W.Va. closes college town’s bars amid rising virus cases

Gov. Jim Justice

CHARLESTON, W.Va. (AP) — Two days after bars around West Virginia University were allowed to reopen, Gov. Jim Justice shut them down indefinitely Wednesday, citing crowds of unmasked students and an increase in positive coronavirus cases.

“Please, kids, we have got to bear down here,” Justice said at a news conference. “You are absolutely running the risk of killing somebody.”

Photos circulating on social media showed lines of people without masks outside of Morgantown bars as some businesses advertised “Taco Tuesday” specials. WVU started classes last week.

In a letter Wednesday, WVU President Gordon Gee said of the student gatherings, “To say that I am disappointed would be an understatement.”

He said students must make “the right choices” in order for the Morgantown campus to remain open during the pandemic.

“This is a critical moment for West Virginia University,” Gee said.

Justice initially ordered Monongalia County bars closed on July 13 and kept extending the order until allowing them to reopen on Monday.

“Right off the get-go, boom. We’ve got people standing on top of people,” Justice said. “We’ve got no masks, servers without masks.”

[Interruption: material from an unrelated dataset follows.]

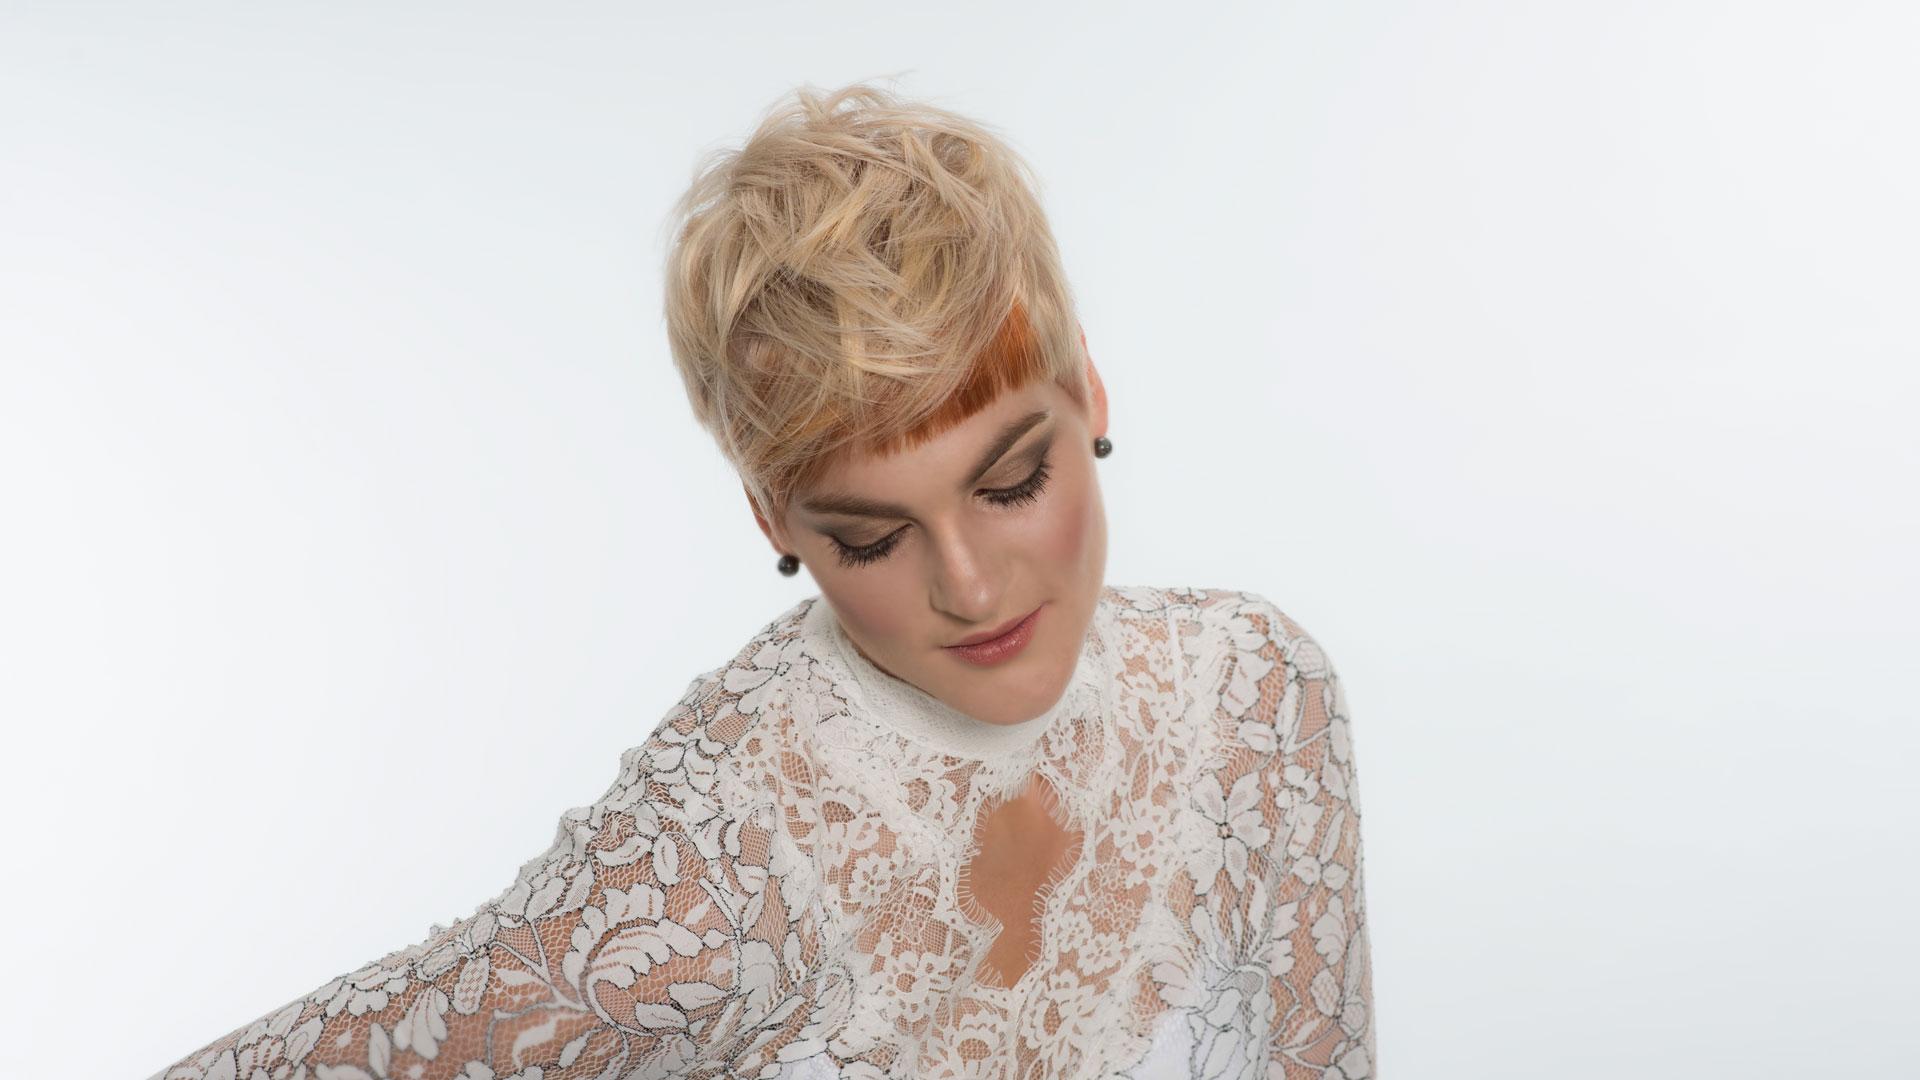 Best haircut in plano haircuts models ideas for Aalam salon dallas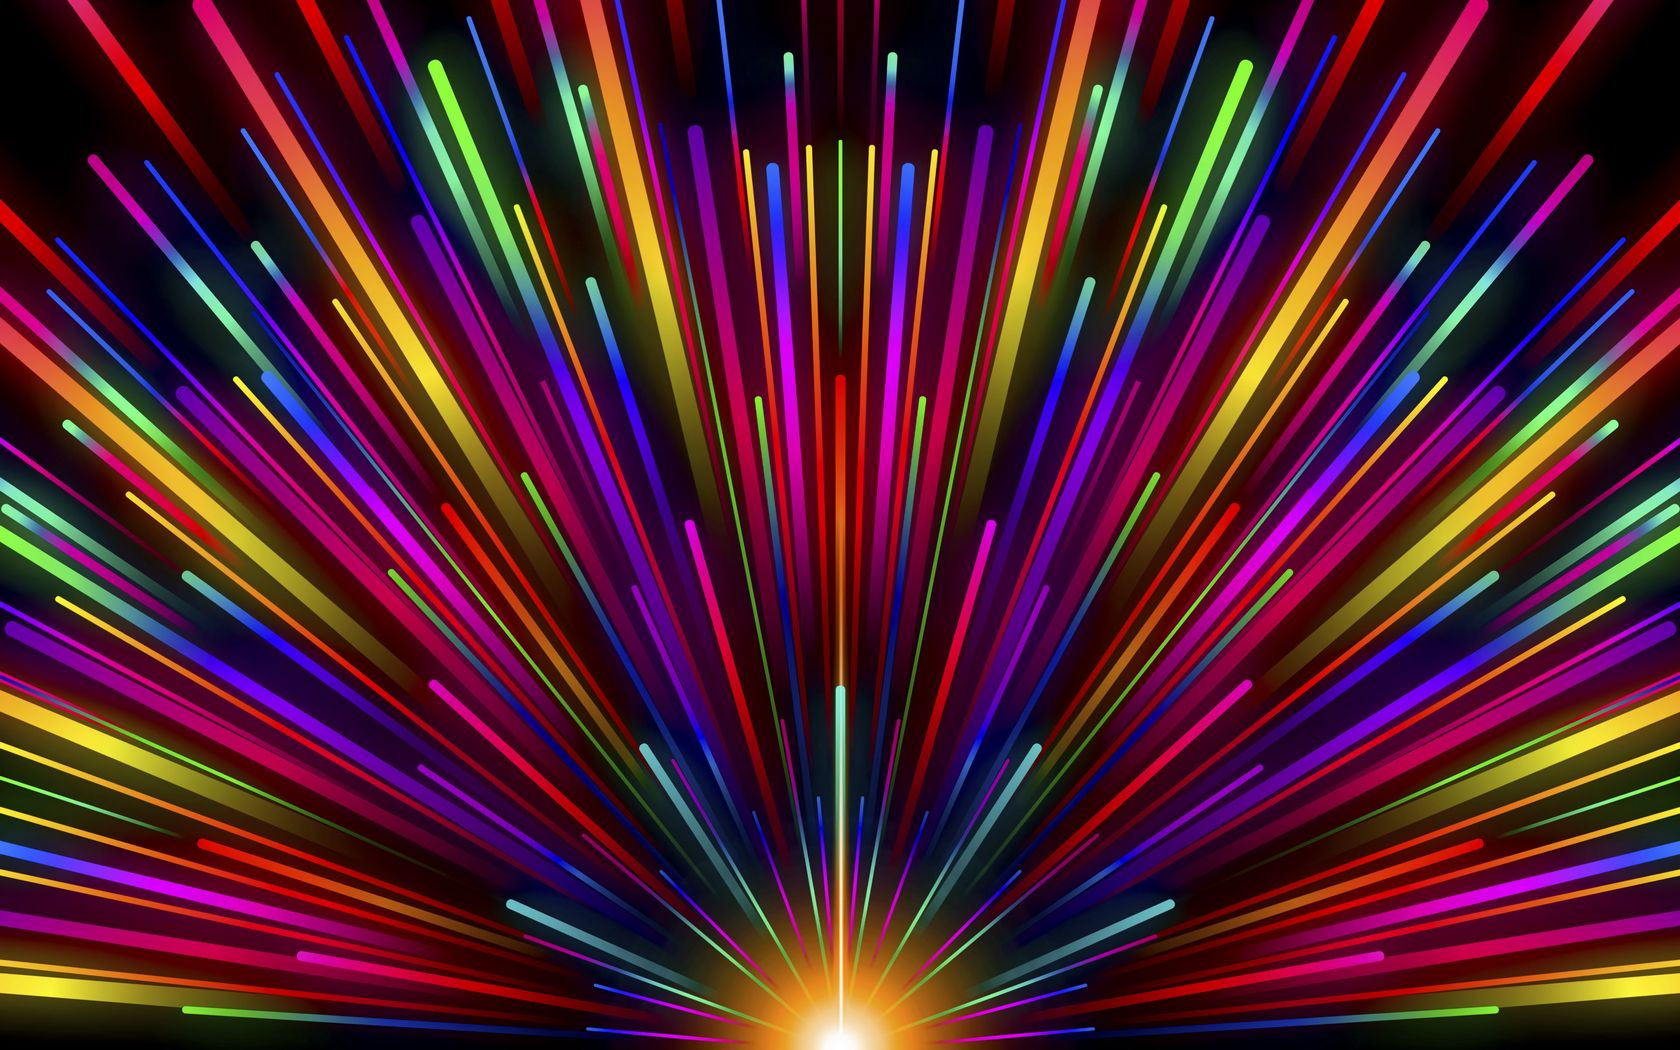 1680x1050 Wallpaper rays, stripes, multicolored, glow, rainbow

Monongalia County reported a total of 83 new positive cases Tuesday and Wednesday, its highest two-day counts since mid-July.

On Tuesday, West Virginia University reported 35 positive cases involving students, by far the highest total since a mandatory campus testing program began late last month. Justice said there are 29 positive cases involving campus fraternities and sororities.

According to state health statistics, 22% of all statewide positive cases are from the 20-to-29 age group, far more than any others.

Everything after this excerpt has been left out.